Теньков. Наступит ли когда-нибудь такое время, когда вы хапать устанете и скажете «довольно»? Хорошо, деньги получишь. Давай вексель.
Протопопов. Вот, возьми (Достает из кармана бумагу)...Когда можно тысчонку назад получить?
Теньков. Дай сначала посмотрю. (Внимательно рассматривает вексель, проверяет «на свет») Вроде все в порядке. (Прячет вексель в портмоне) После ко мне заедем, тогда и деньги получишь.
Протопопов (кротко) Как скажешь, Триша. Что ты намерен теперь с прозоровским домом делать? Вступить в права владения законным порядком ты сможешь не раньше будущего года.
Теньков. Не решил еще. Там видно будет.
Протопопов. Жить в нем ты не собираешься, выгнать прежних хозяев — было бы не великодушно. Большой пользы в этом приобретении я не вижу, а хлопот — не оберешься.
Теньков. Это уж моя забота. Лишний козырь на руках иметь не помешает. Ты вот что мне скажи: Прозоров тебе еще нужен?
Протопопов. Вынужден признать свою ошибку — ни на что негодным оказался, словно весь воздух из него выпустили.
Теньков. Коли у тебя в нем нужда отпала, так я его подберу.

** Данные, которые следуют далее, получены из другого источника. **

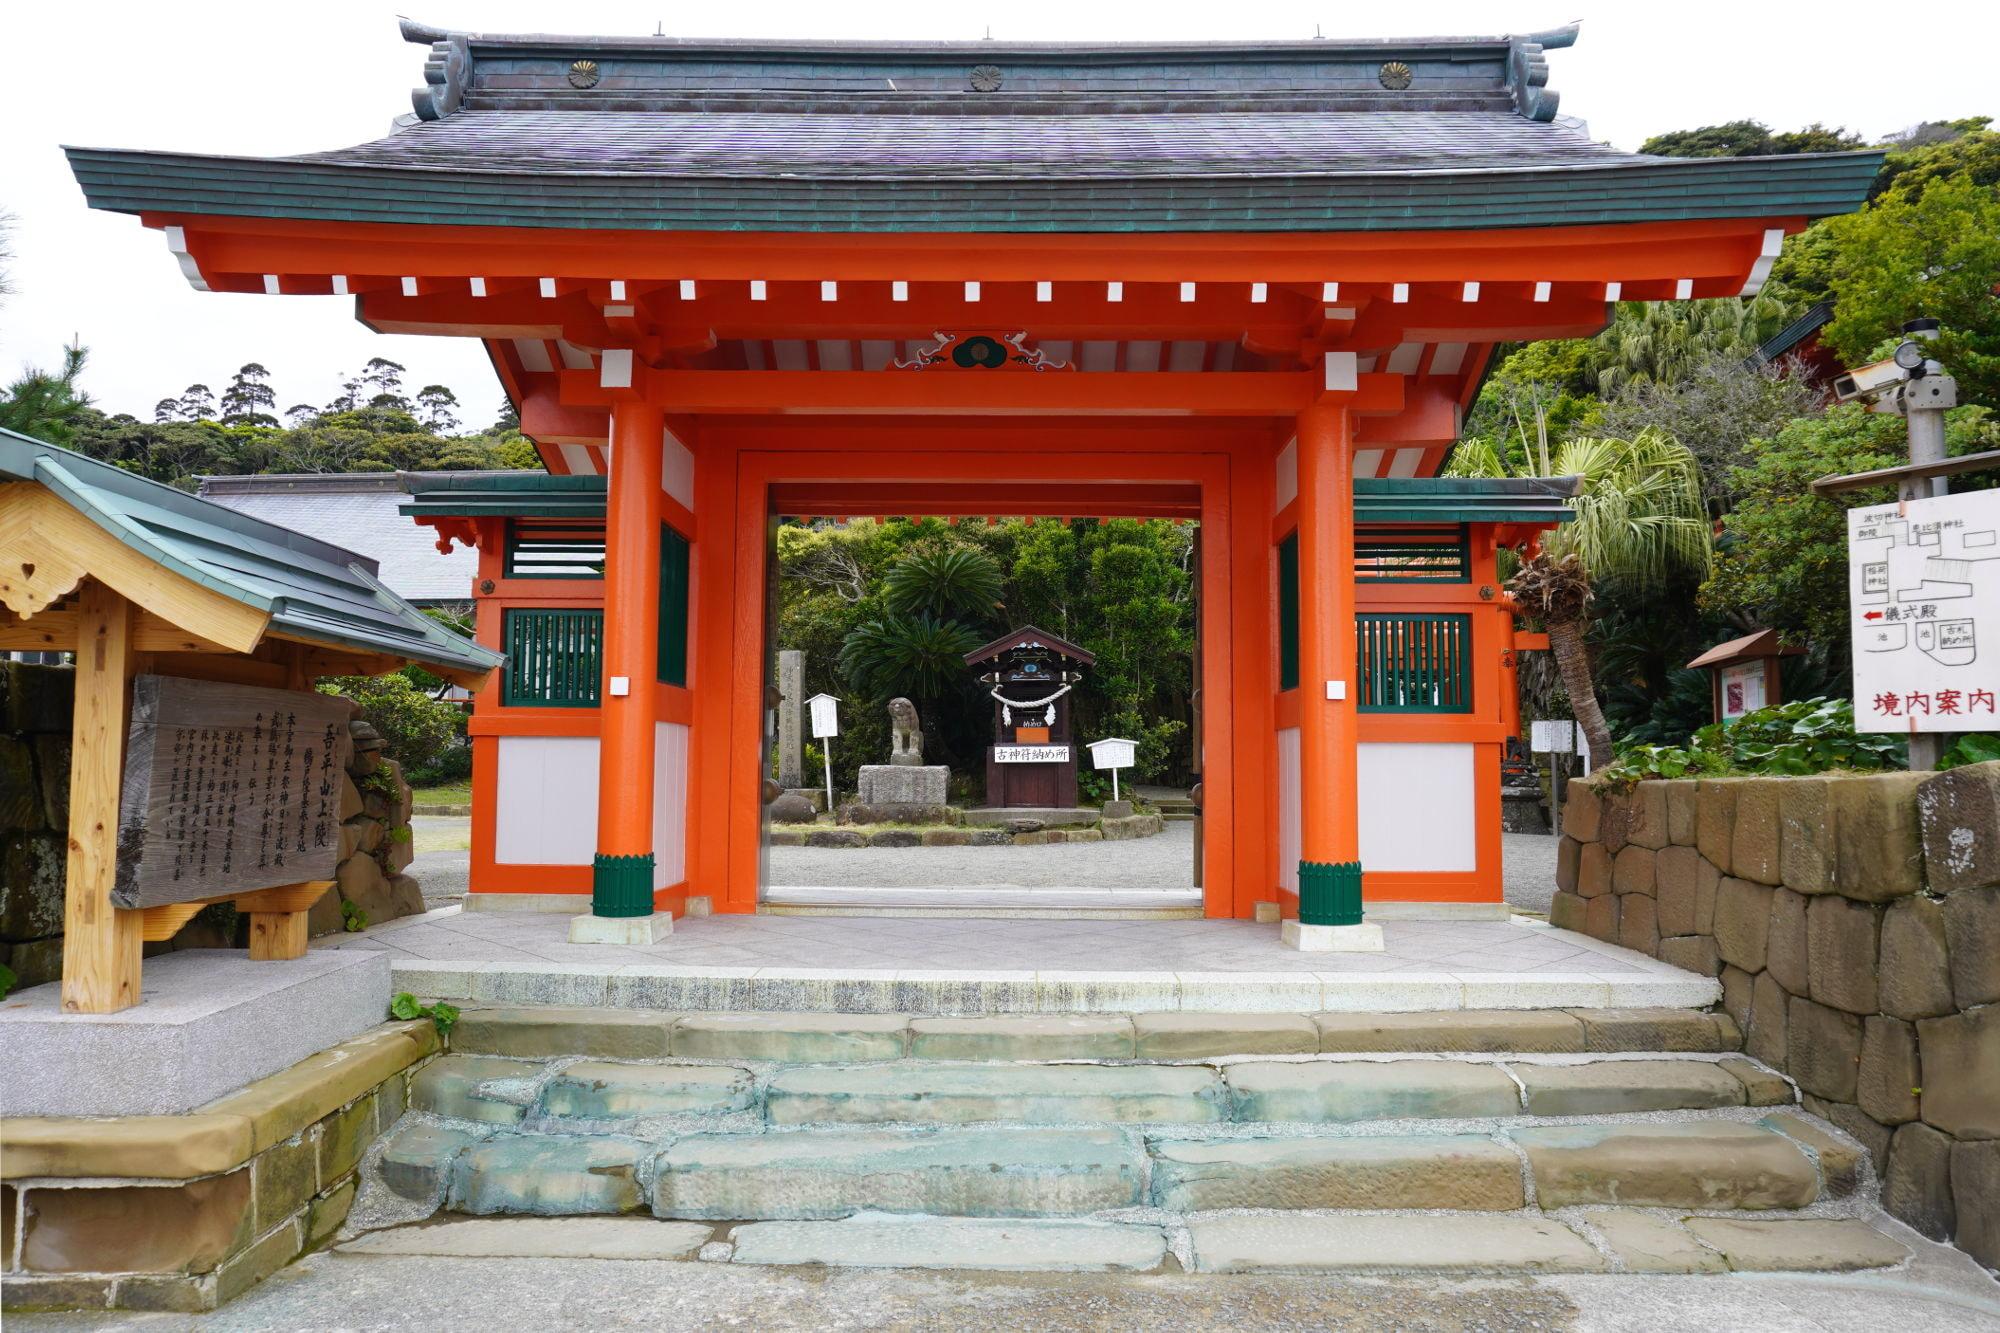 鵜戸稲荷神社への入り口

Протопопов. Понимаю-с! Ну, Трифон Антоныч, в пору у тебя поучиться! Когда в Москве у тебя гостил, в цирке наблюдал схватку француза месье Анри с удавом. Так ты, словно тот самый удав, кольцами в охват берешь, что и не рыпнешься.
Теньков. Ежели я чего решил, то своего непременно добьюсь.

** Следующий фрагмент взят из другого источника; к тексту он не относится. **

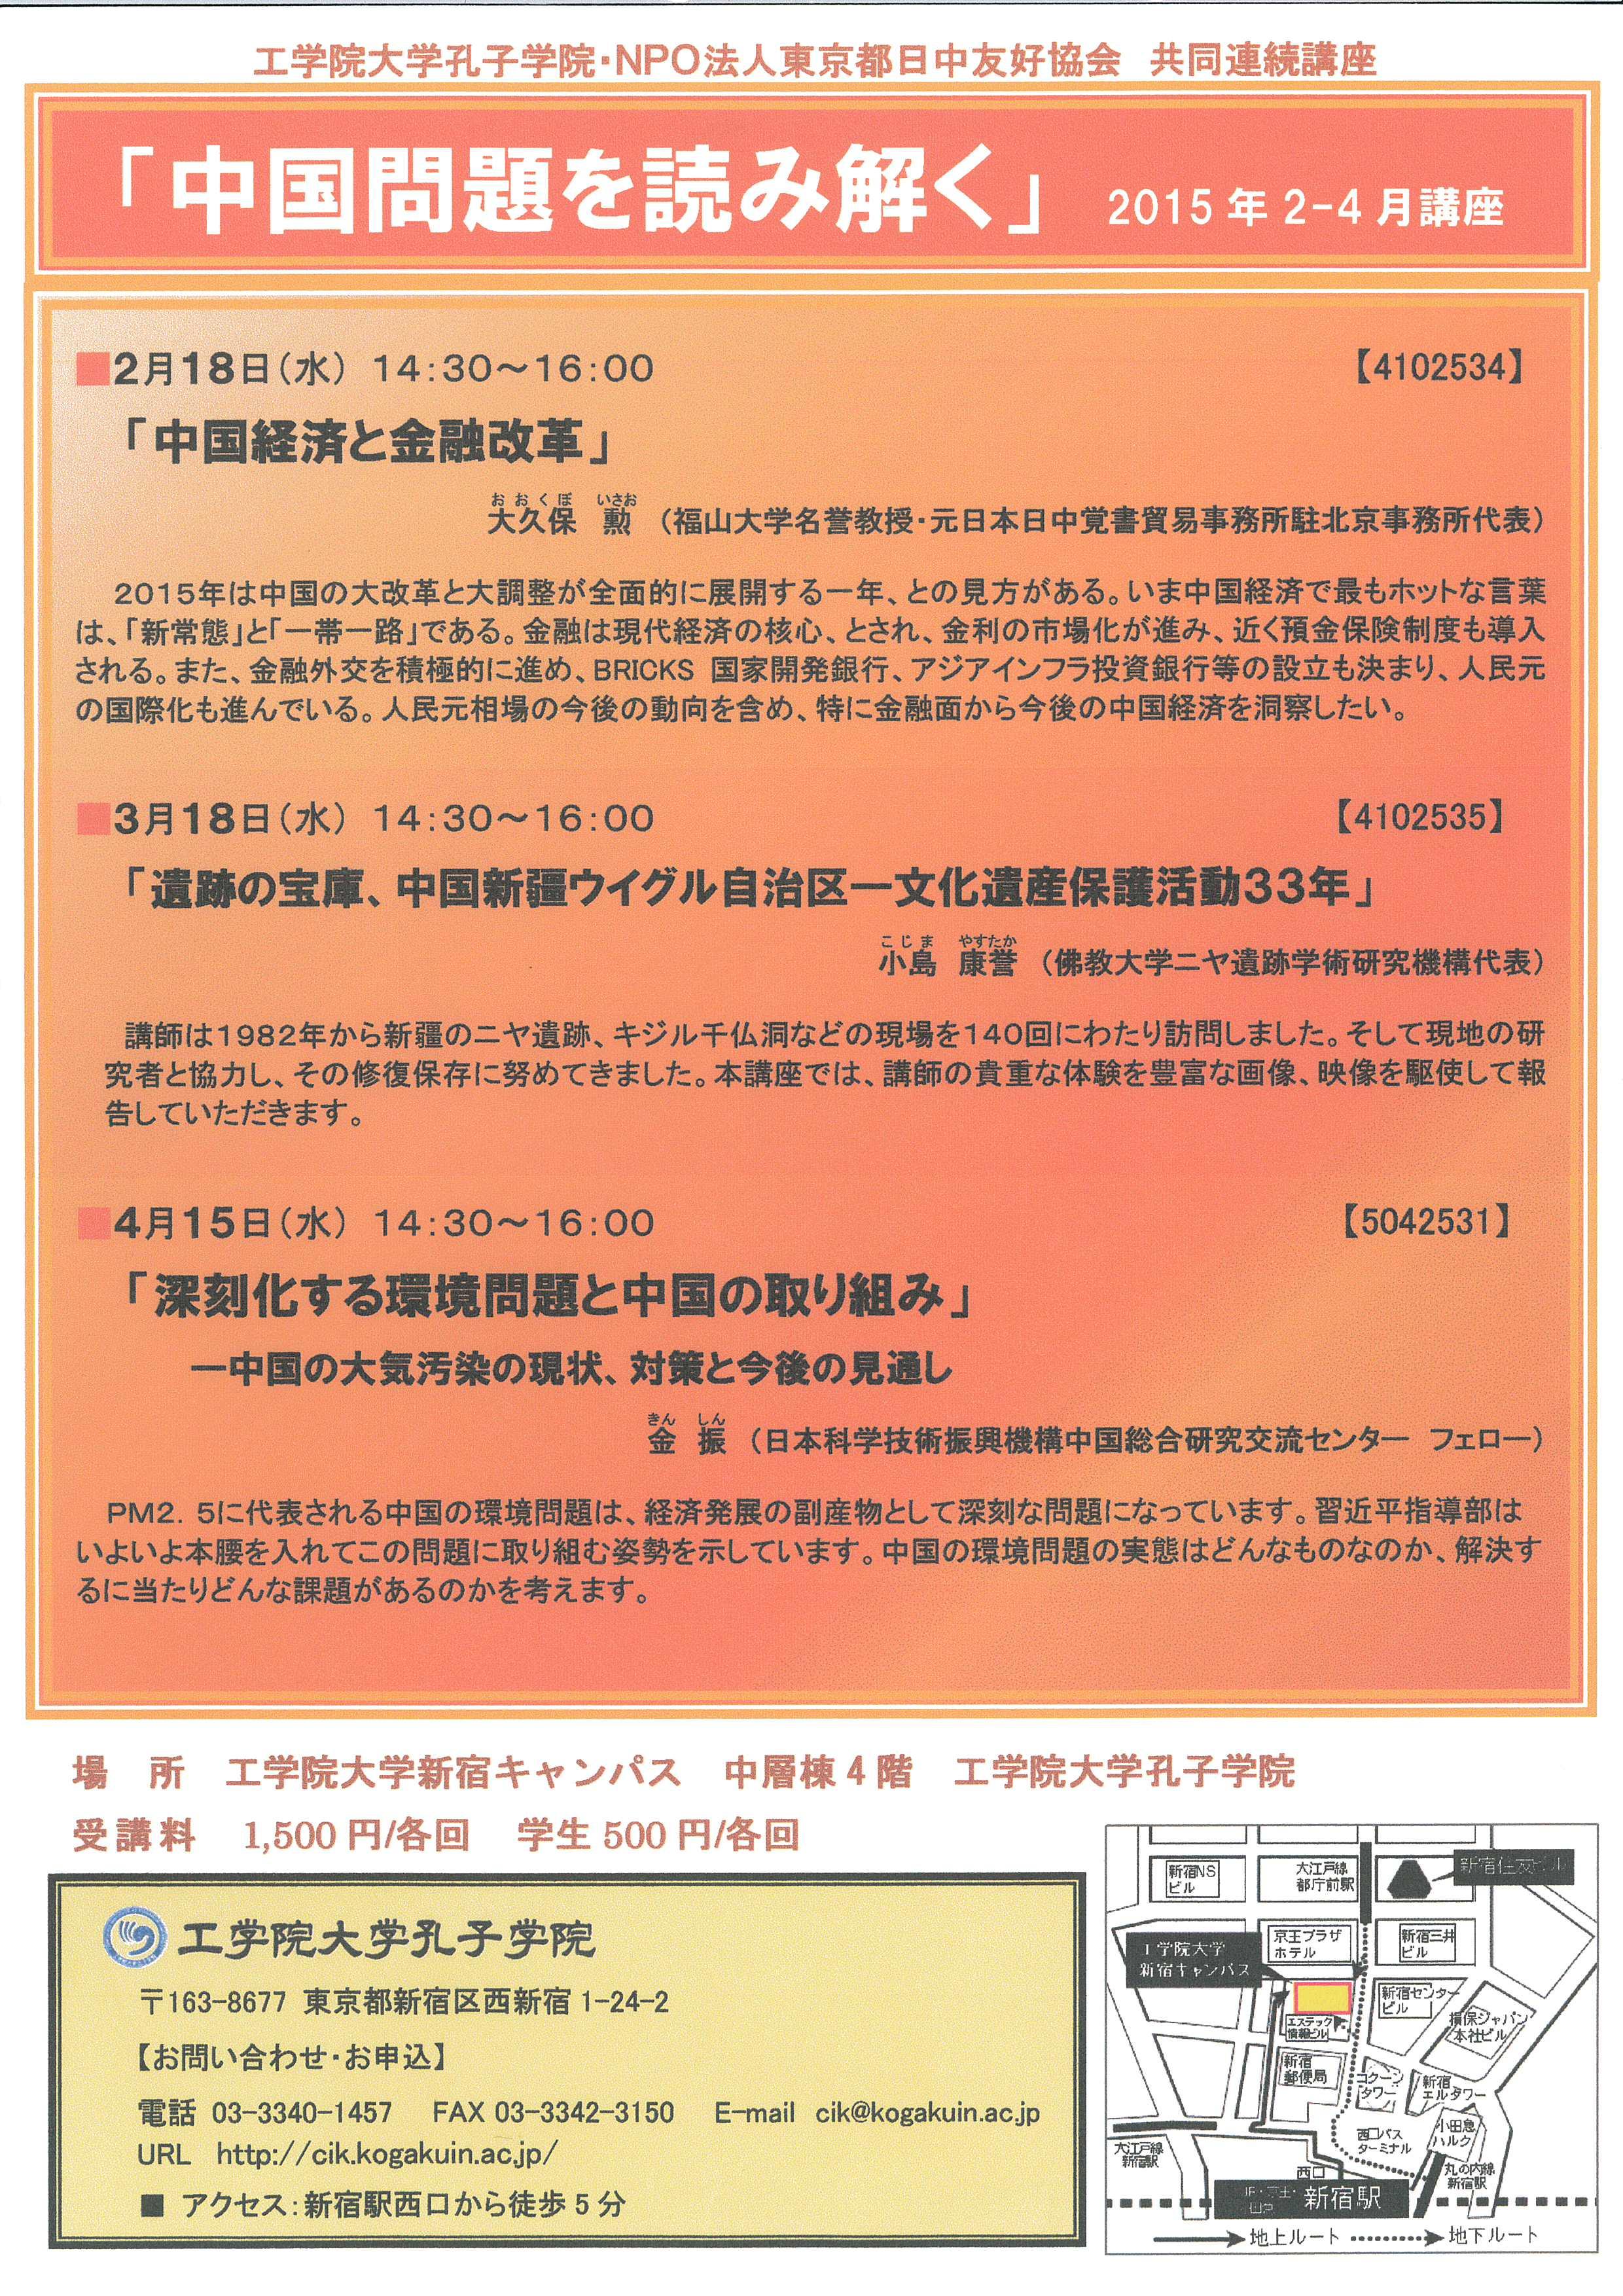 2/18(水)中国問題を読み解く講座

Протопопов. За малым дело стало... Смотри, адьютант командира бригады прикатил. (Достает из желетного кармана часы) Начало второго. Петухов, каналья, отчего-то задерживается.

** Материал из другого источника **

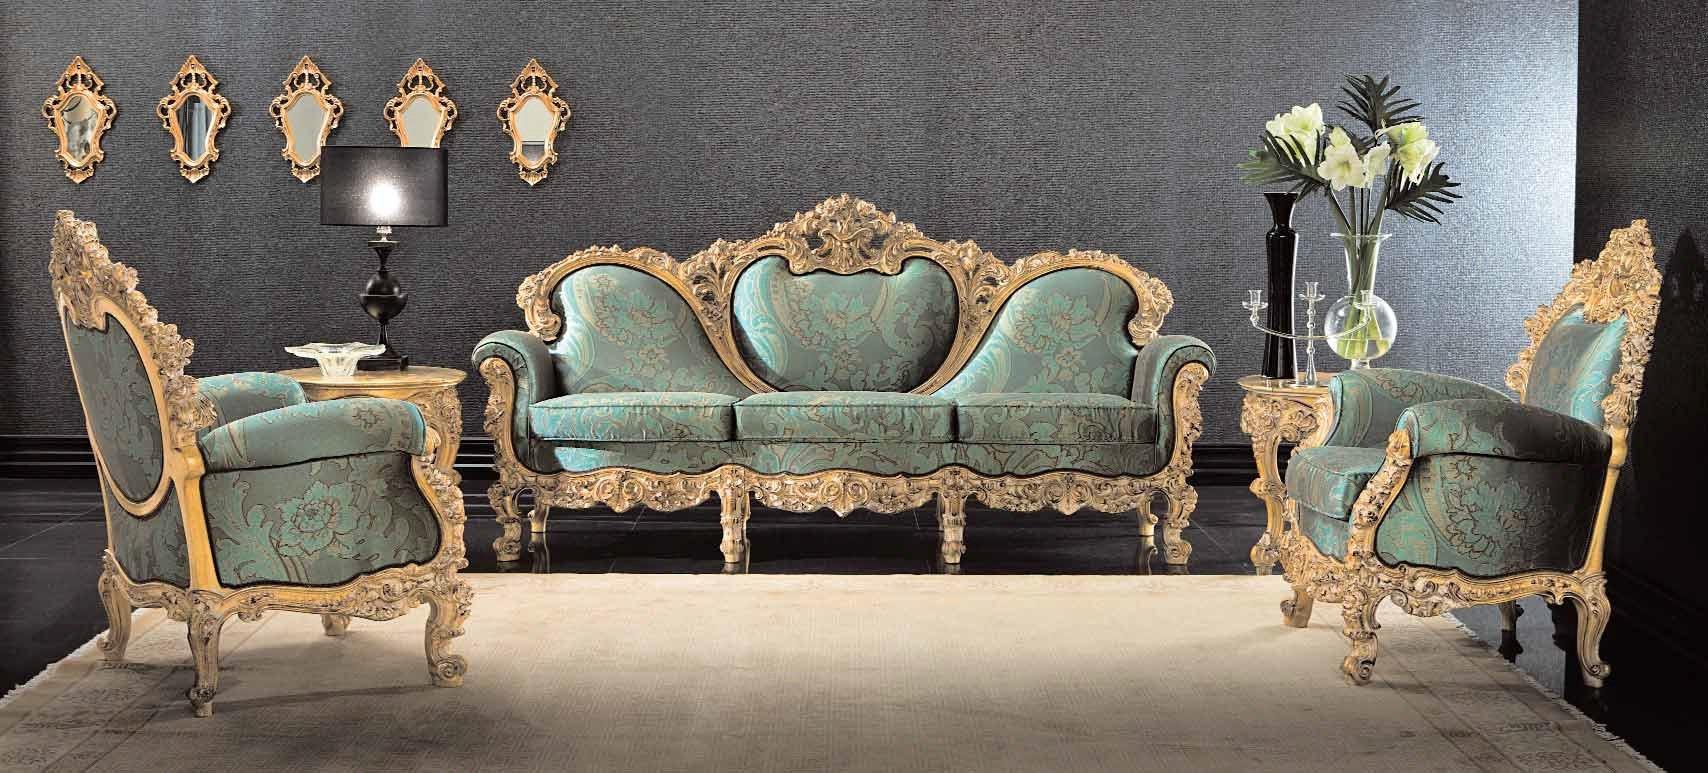 PLUTONE комплект мягкой мебели 95886

Вдали раздаются бодрые звуки военной музыки.
Протопопов. Слышишь, уже батареи выступили маршем.
Теньков. Не заснул там твой махальщик?
Протопопов (привстает на стуле) Сидит на тумбе курит.
Теньков. Чувствую — не к добру все это. Ох, зря понадеялся на вас.
Протопопов (вскакивает во весь рост) Рано начал Лазаря петь, Трифон Антоныч! Вон Взяткин нам знаки подает...Вот и Петухов собственной персоной. Сейчас все прояснится... Вот каналья, взялся Взяткину рассказывать.
Теньков (тоже встает со стула) Чего это он вприсядку пошел?
Протопопов. Золотой твой отрабатывает. Значит все кончено, Трифон Антоныч — наша взяла!
Теньков (крестится) На все Божья воля! (Протопопову торжественно) Ну, быть по-твоему, отдаю завод. Так отдаю. Владей!
Протопопов (с радостным облегчением) Вот это благородно! По рукам, Трифон Антоныч! Ты знаешь — за мной не станет! (Кричит) Человек! Бутылку лучшего шампанского!
На веранду быстро поднимаются Петухов и Взяткин.
Теньков (нетерпеливо) Ну, что? Рассказывай.
Петухов (не обращая ни на кого внимания, берет стакан Протопопова, сделав глоток, морщится и выплескивает воду за перила) Что за дрянь вы пьете? Велите подать шампанского.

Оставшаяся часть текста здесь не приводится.